I just took a look at the recent edits list and noticed that FanonPokedex/Heracross has had edits made by ~Gumgrapes without any notification
Guess Who...?I actually think that it's perfectly valid to have some elements of the Pokedex be attributable to folklore or exaggeration. For the example that you brought up with Litwick, it raises two questions: A: How on earth do you materially quantify that a "soul-eater" has a soul to properly eat given their immaterial nature? B: If you have an entity which feeds off of souls indiscriminately, including human souls, how on earth did the thing ever become legal to train? And how was there ever a movement to try and find a "soul substitute" rather than just writing the creature off as too dangerous to bother with? That's not to say that the 'dex entries are to be thrown out wholesale. After all, if a Pokemon has a reputation of eating souls or being a psychopomp, it must do something that would give the impression, since behind every myth is a half-truth. Are there articles that are presently hosted that don't integrate canon as well as they could to explain behaviors well? Undoubtedly. However, there's also a number of articles that take Pokedex entries at face value and don't do an adequate job of explaining what logically follows from a literal reading of those entries, which is also undesirable. I am fine with reverting the page and asking Gumgrapes via PM to post a formal claim on the article in this thread to revise it. We have proper channels for a reason, and it would not be overly hard for Gumgrapes to restore his/her work afterwards.

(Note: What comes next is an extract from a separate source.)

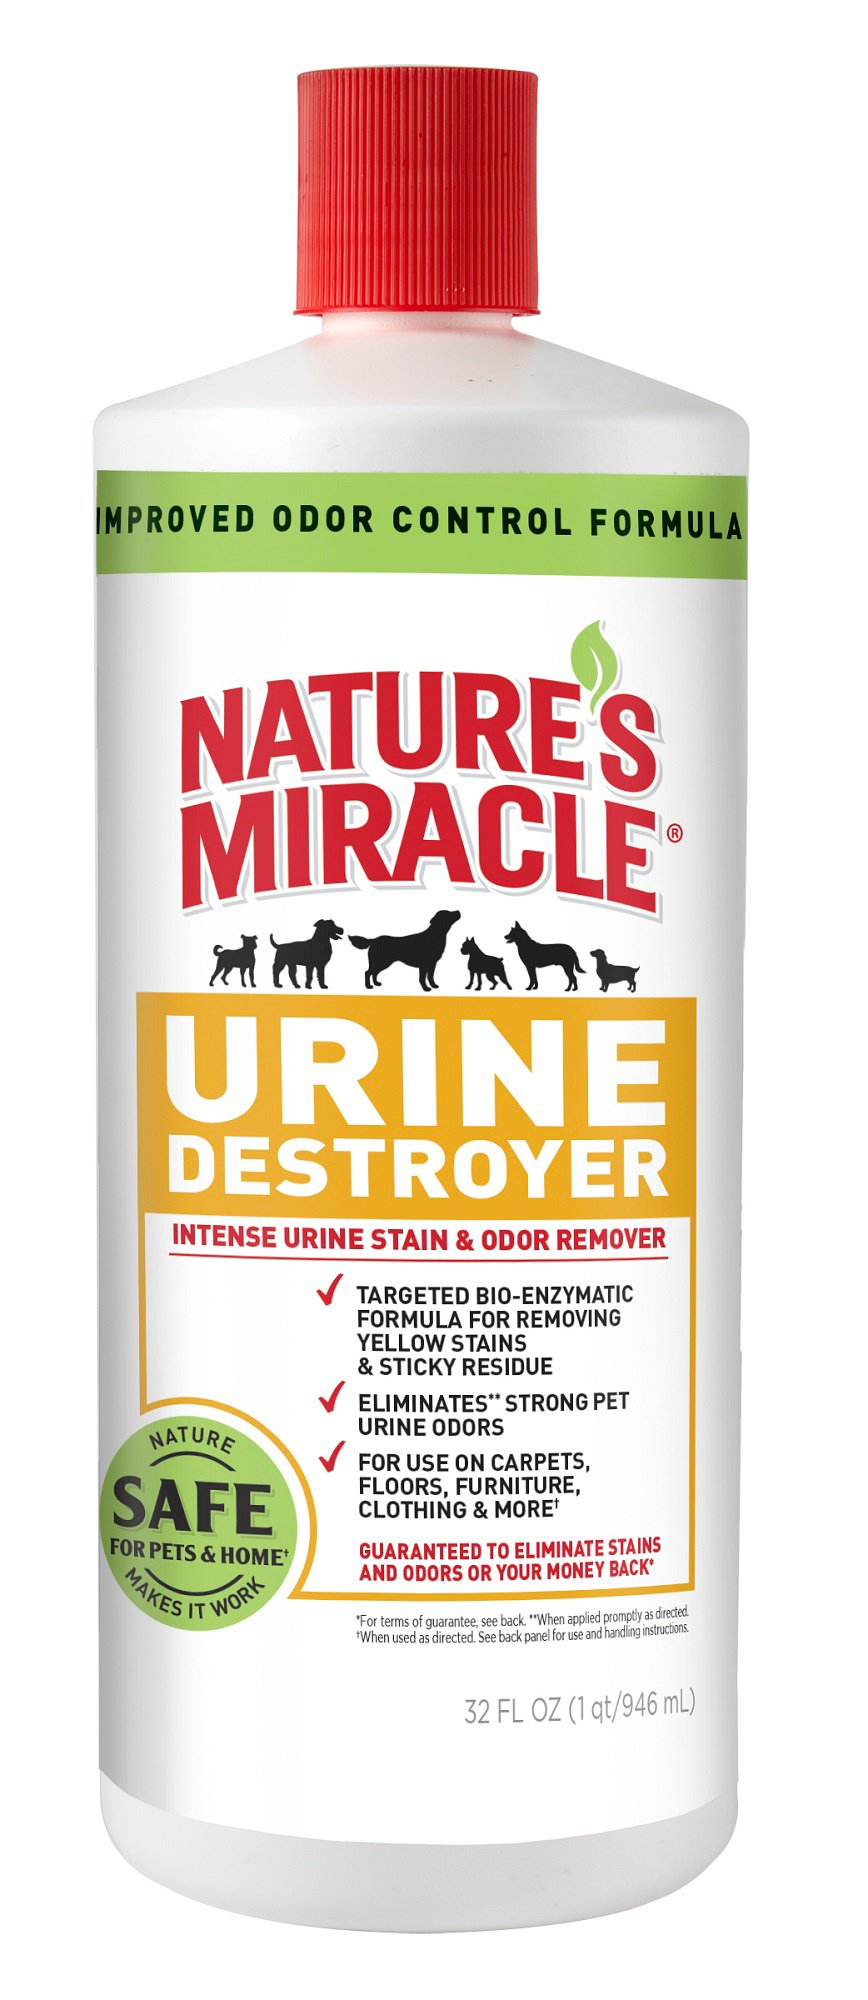 How To Get Human Urine Odor Out Of Carpet

edited 21st Jun '14 11:51:16 PM by TracerBullet
Hard Boiled Detective Since 1985
I prefer Lord Gum Grapes, but I'm not pickyOh! I'm sorry, was I not supposed to edit that? Forgive me, I'm extremely inexperienced with the structure here. I've visited this site a lot, and made sure to read up on what to do here, but I'm afraid I'm still prone to screwing up. If I was doing anything out of line, just tell me. I'll get rid of my work, and honestly there's no need to worry about any process in formally restoring it, TV Tropes can live without my editing. It honestly was my impression that one could simply make an edit without going through any sort of convoluted process first, I'm sorry if I was wrong.
To measure the meaning can make you delay.

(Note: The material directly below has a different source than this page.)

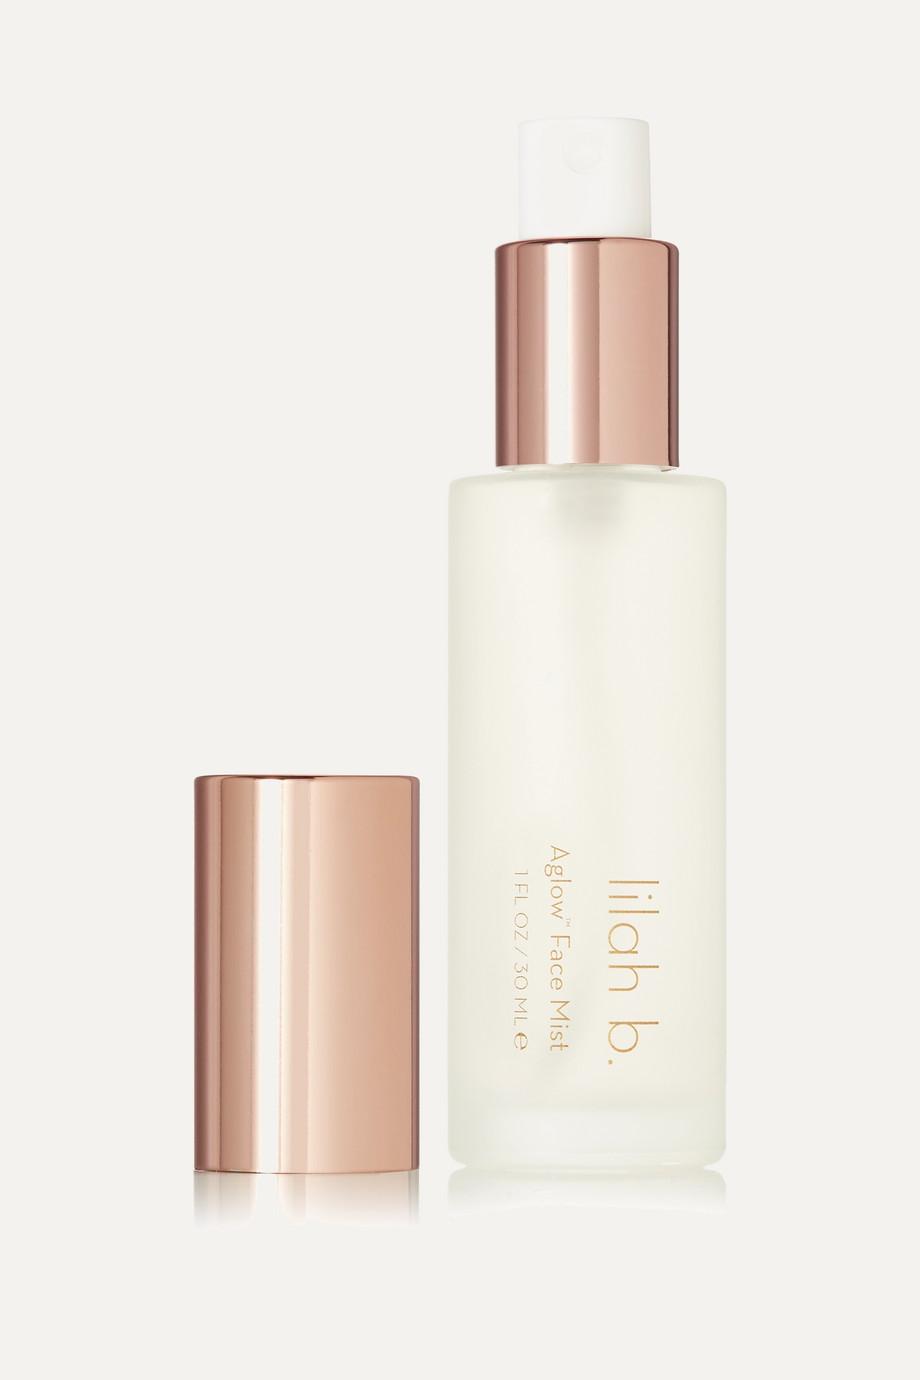 Lilah B. Aglow™ Face Mist, 30 ml – Gesichtsspray

Hey, no worries. This is just a side project in the community that isn't actually part of TV Tropes proper, so it's got its own guidelines and process to go through.
Guess Who...?For future reference, all that's really needed to do prior to making a new article or edit is to stake a formal claim, since it prevents conflicts of work and vandalism. For editing, you want to ideally check if the article has been inactive long enough, which does not strike me as being an issue for Heracross' article since it's like 2 years old if I remember right. But yeah, unless someone wishes to correct me, I believe that it would be appropriate for you to restore your edits to the Heracross article now.
Hard Boiled Detective Since 1985
I contacted Isotrope, the guy who apparently wrote the original Slugma article, a couple of weeks ago. Since I've gotten no response, I thought I'd post my updated take on this entry:
Morphs [Oak Catalog #]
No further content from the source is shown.